Bronkitis akut dibedakan dari infeksi saluran pernapasan atas dengan adanya batuk, dahak, dan mengi dengan yang pertama. Tanda dan gejala bronkitis akut berbeda dengan pneumonia karena pneumonia menyebabkan suara paru abnormal yang menunjukkan adanya cairan (misalnya ronki) dan peningkatan tanda vital (denyut jantung >100 kali/menit, frekuensi pernapasan >24 kali/menit). menit, dan suhu >38°C). Sementara pneumonia dapat dikonfirmasi dengan radiografi, ini tidak beralasan pada individu berisiko rendah yang memiliki tanda-tanda vital yang meningkat tanpa suara paru-paru yang abnormal, terutama selama wabah virus yang diketahui. Tes sinar-X tanpa adanya suara paru-paru yang abnormal mungkin diperlukan pada orang tua dan pada mereka yang memiliki penyakit penyerta yang menempatkan mereka pada risiko tinggi pneumonia dan komplikasi lainnya.
Bronkitis kronis adalah manifestasi dari penyakit paru obstruktif kronik (PPOK) yang melibatkan batuk dan produksi sputum, dengan atau tanpa mengi, yang berlangsung minimal 3 bulan selama 2 tahun berturut-turut Chitkara dan Sarinas (2002) . Ini paling sering muncul pada perokok di atas usia 40 dan berhubungan dengan eksaserbasi akut di mana batuk, mengi, dan produksi sputum meningkat. Orang dengan bronkitis kronis berada pada peningkatan risiko mengembangkan pneumonia dan infeksi pernapasan lainnya. Kesulitan bernapas yang signifikan selama latihan, dan, seiring perkembangan penyakit, juga saat istirahat biasanya bermanifestasi selama pertengahan enam puluhan hingga awal tujuh puluhan.
Pengukuran spirometri dari volume ekspirasi paksa dalam 1 detik (FEV 1 ) dan kapasitas vital paksa (FVC) dapat digunakan untuk menilai fungsi paru dan untuk menentukan tingkat keparahan PPOK Pauwels et al (2001) , Lenfant dan Khaltaev (2003). Hitung darah lengkap dapat digunakan untuk menyingkirkan infeksi dan dapat mengungkapkan peningkatan sel darah merah akibat hipoksemia kronis (polisitemia). Kultur sputum dapat digunakan untuk memeriksa infeksi akut. Rontgen dada dapat dilakukan untuk menyingkirkan penyebab batuk lainnya seperti pneumonia dan kanker paru-paru. Pada kasus bronkitis kronis yang parah, radiografi dapat mengungkapkan hipertrofi ventrikel kanan serta pembesaran dan penyempitan arteri pulmonalis yang cepat. Jika emfisema juga ada, setiap daerah penyakit yang parah akan terlihat sebagai daerah radiolusen yang dikelilingi oleh bayangan garis rambut.

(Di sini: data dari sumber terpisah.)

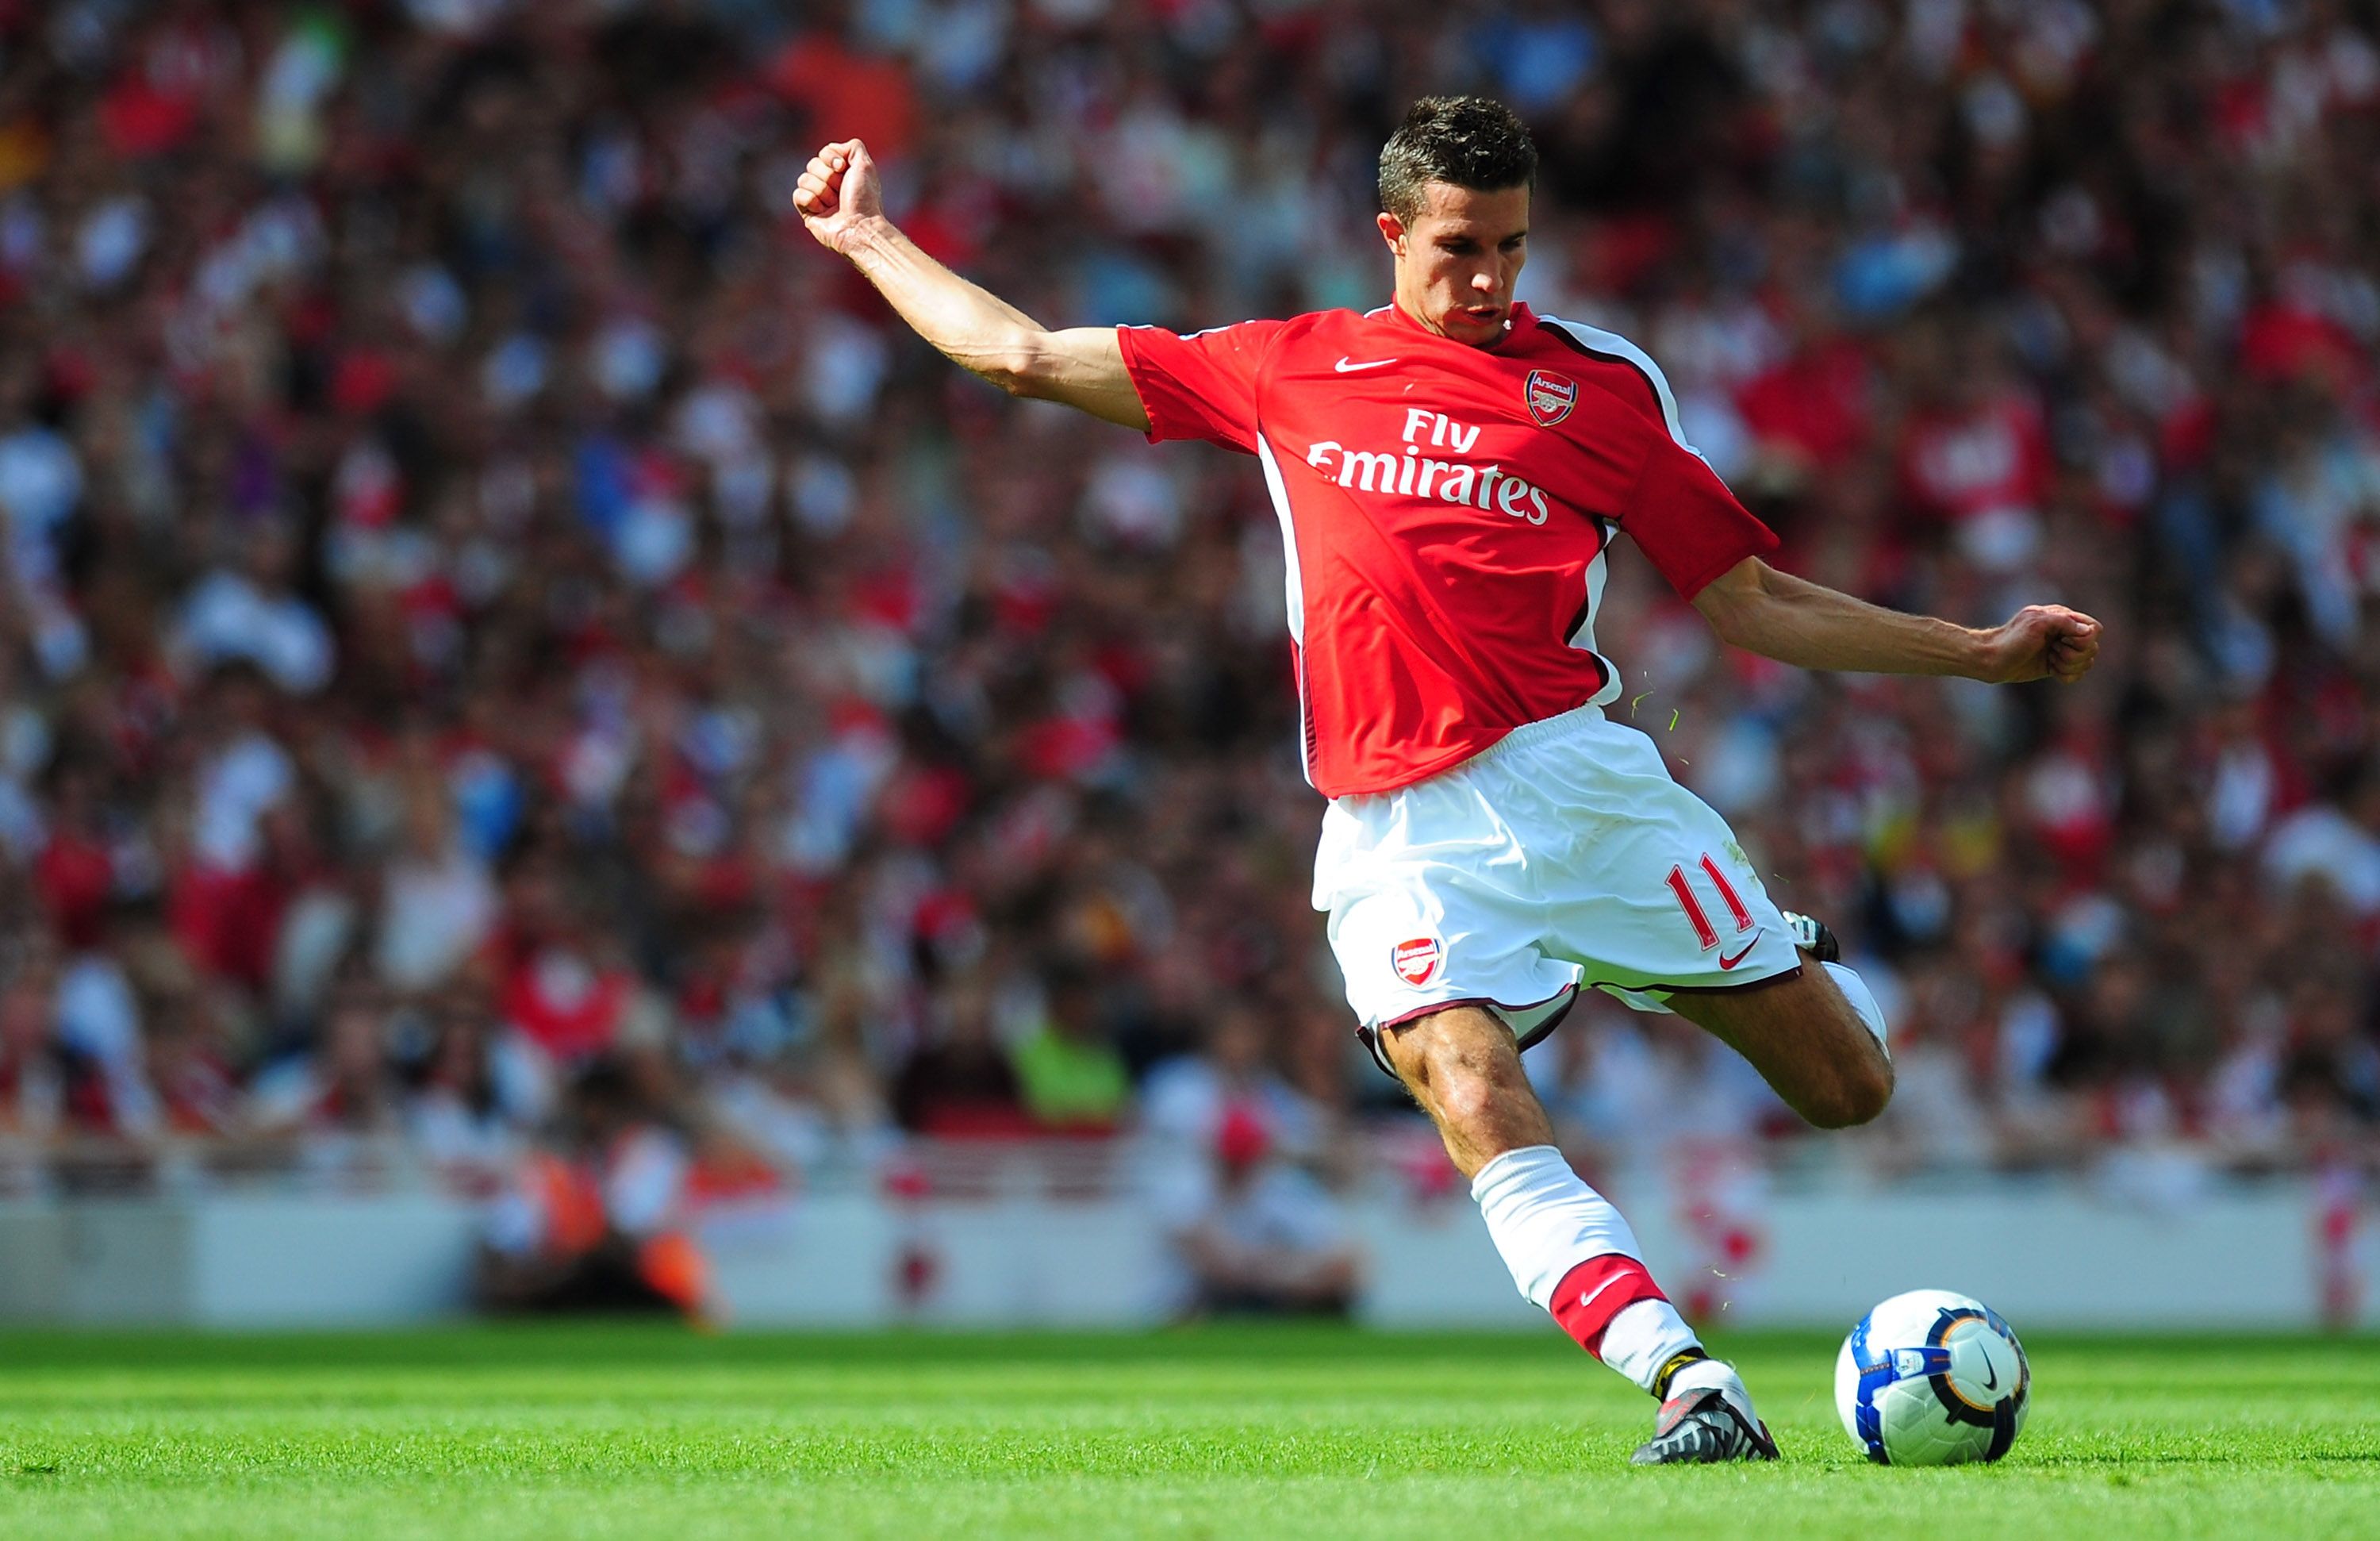 Robin van Persie of Arsenal crosses the ball during a match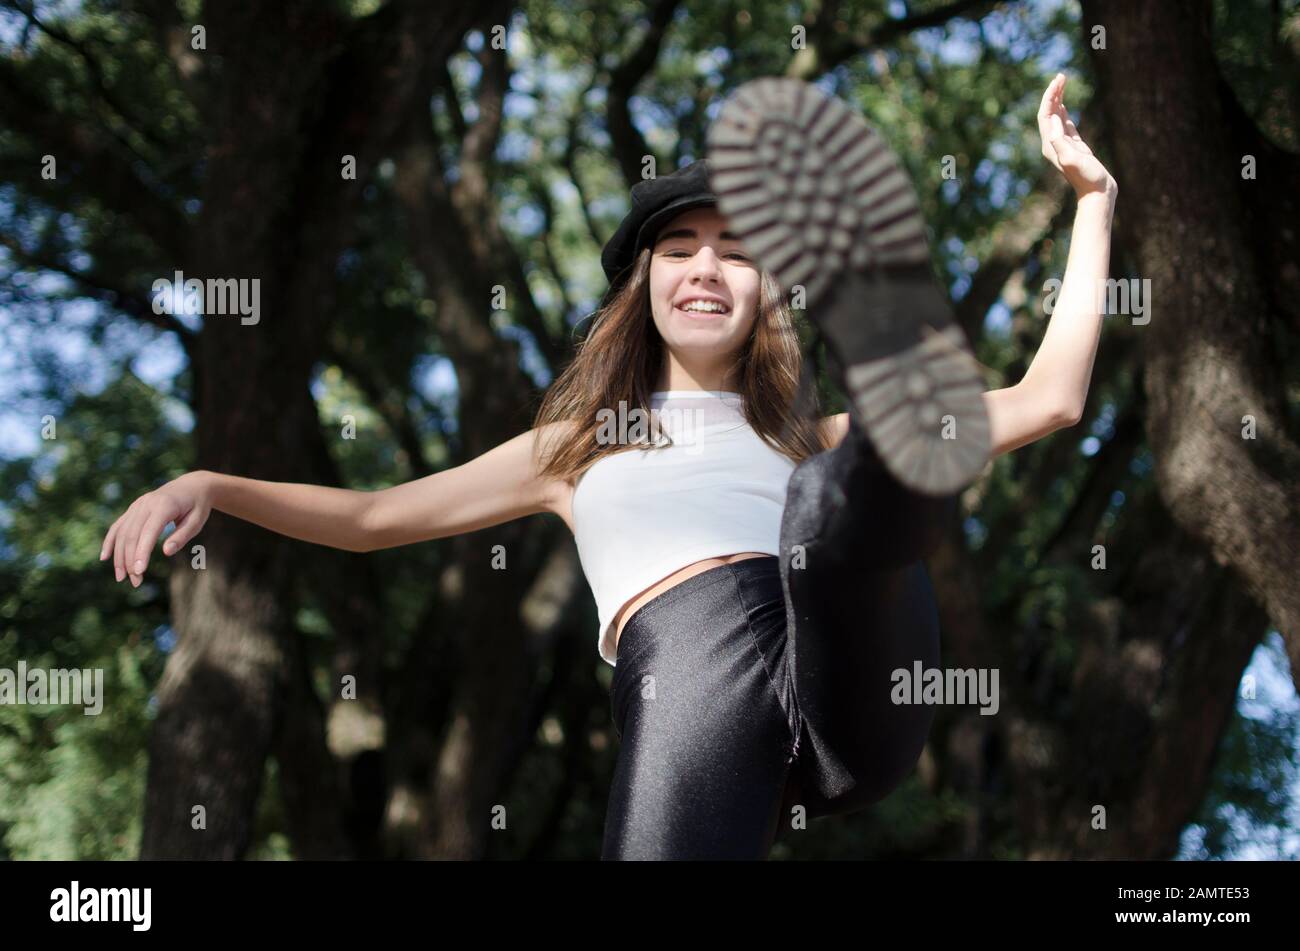 Smiling teenage girl standing in a park kicking her leg in the air, Argentina Stock Photo

Eksaserbasi akut bronkitis kronis berhubungan dengan dispnea yang memburuk dan peningkatan produksi sputum dan purulensi. Eksaserbasi akut dapat diklasifikasikan sebagai parah (tipe 1) jika ketiga gejala muncul dan sedang (tipe 2) jika dua dari tiga gejala muncul McCrory et al (2001). Eksaserbasi ringan didiagnosis jika salah satu gejala di atas terjadi bersama dengan setidaknya satu indikator infeksi pernapasan baru-baru ini (misalnya, demam, batuk, dan mengi).